Applied Energy, Vol.233, 495-515, 2019
A higher-order Markov chain-modulated model for electricity spot-price dynamics
Over the last three decades, the electricity sector worldwide underwent massive deregulation. Power market participants have encountered a growing number of challenges due to competition and other pertinent factors. For most markets at present, electricity is a non-storable commodity and its price is extremely sensitive to changes in supply and demand. The evolution of electricity prices exhibits pronounced mean reversion and cyclical patterns, possesses extreme volatility and relatively frequently occurring spikes, and manifests presence of memory property. These observed features necessitate the development of models aimed to simultaneously capture such price characteristics for forecasting, risk management, and valuation of electricity-driven derivatives. Majority of current research studies examining electricity spot prices are based on one-state models.
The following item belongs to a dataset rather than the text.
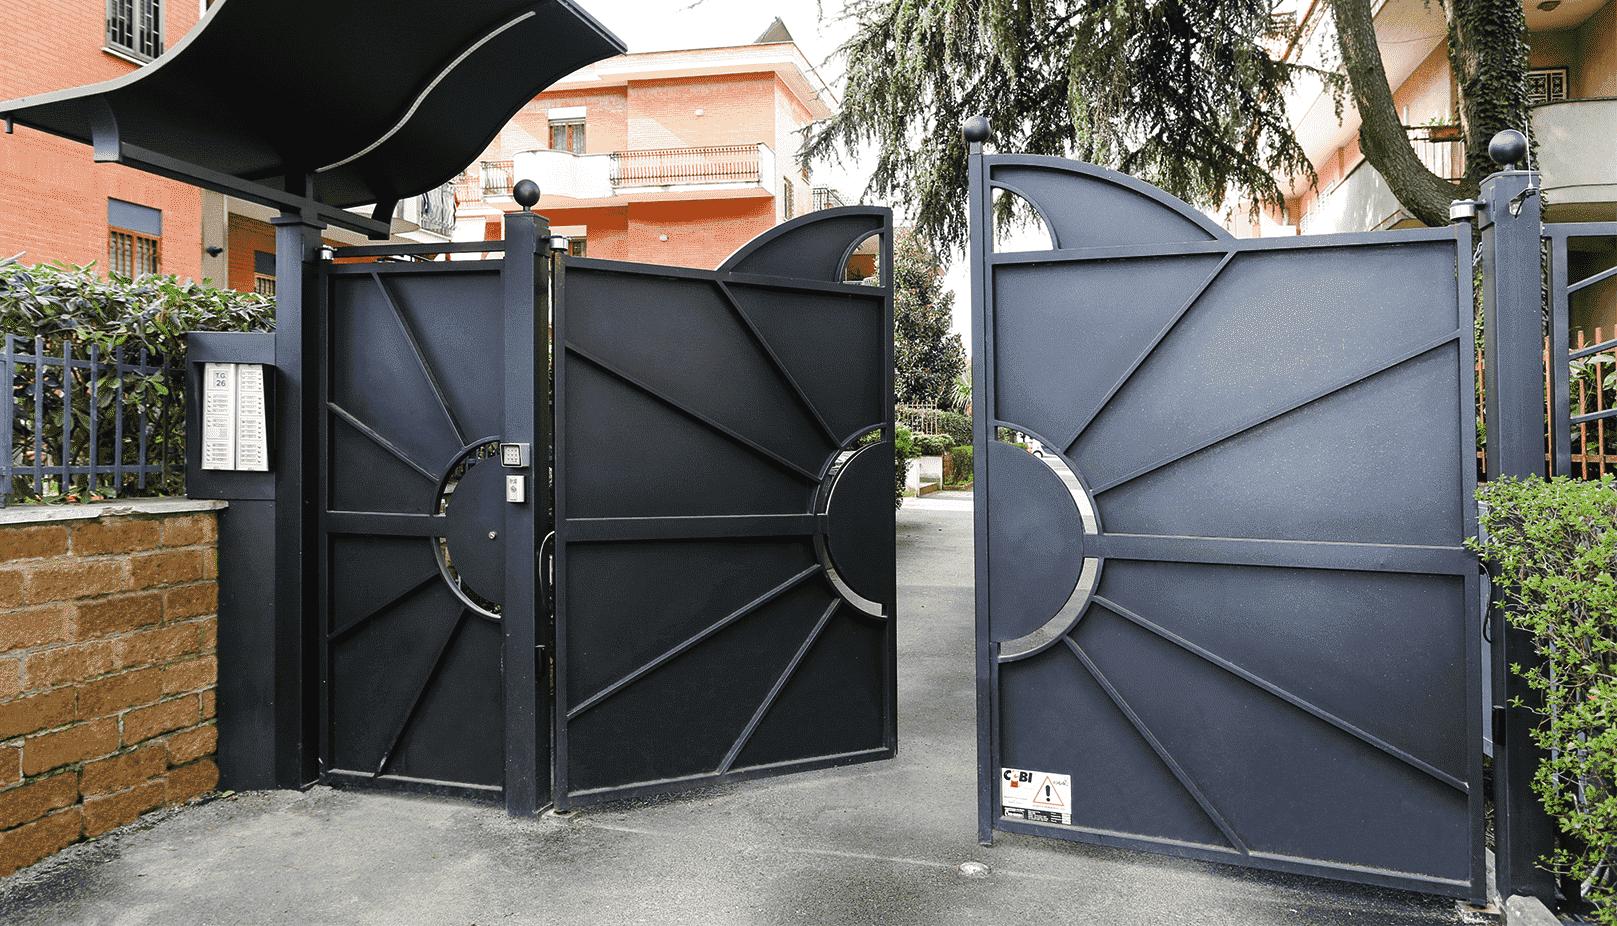 Cancelli automatici KiKO a Roma - monoblocco chiavi in mano
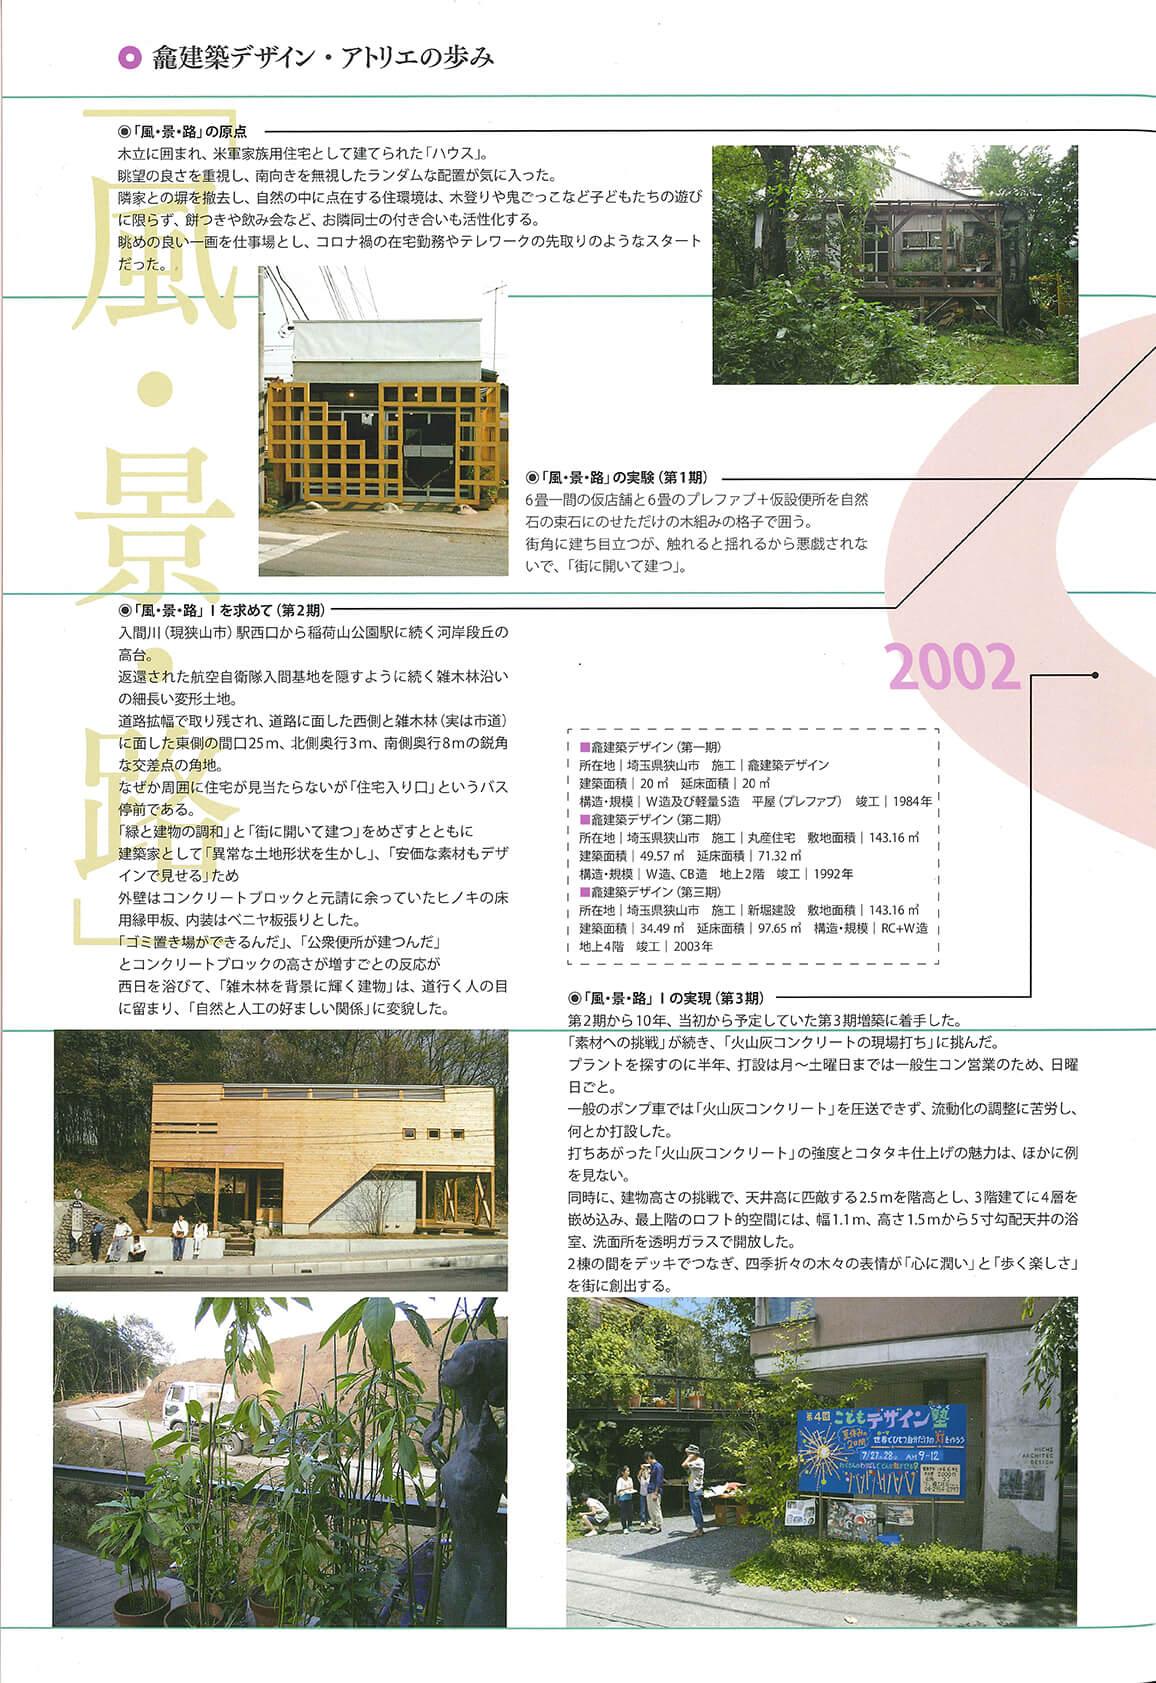 龕建築デザイン40周年 2P

Such models though may not accurately capture the stylised behaviours of price evolution, especially during periods of sudden spikes driven by the abrupt changes of market sentiments. This paper tackles the modelling and estimation problems under a new paradigm that integrates the deterministic calendar seasons and stochastic factors governing electricity prices with a regime-switching feature. The de-seasonalised component of our proposed model has both the jump and mean-reverting properties to account for spikes and periodic cycles alternating between lower price returns and compensating periods of higher price returns. The parameters of the de-seasonalised model components are also modulated by a higher-order hidden Markov chain (HOHMC) in discrete time. This provides a mechanism to extract latent information from historical data. The HOHMC's state is interpreted as the "state of the world" resulting from the interaction of various forces impacting the electricity market. Filters are developed to generate optimal estimates of HOHMC-relevant quantities using the observation process, and these provide online estimates of model parameters. Empirical demonstrations using the daily electricity spot prices, compiled by the Alberta Electric System Operator (AESO), show that our HOHMM approach has considerable merits in terms of price data fitting and forecasting metrics. Our proposed framework driven by a hidden Markov chain with a state memory-capturing mechanism provides a powerful alternative to support the pricing of contracts in the electricity markets.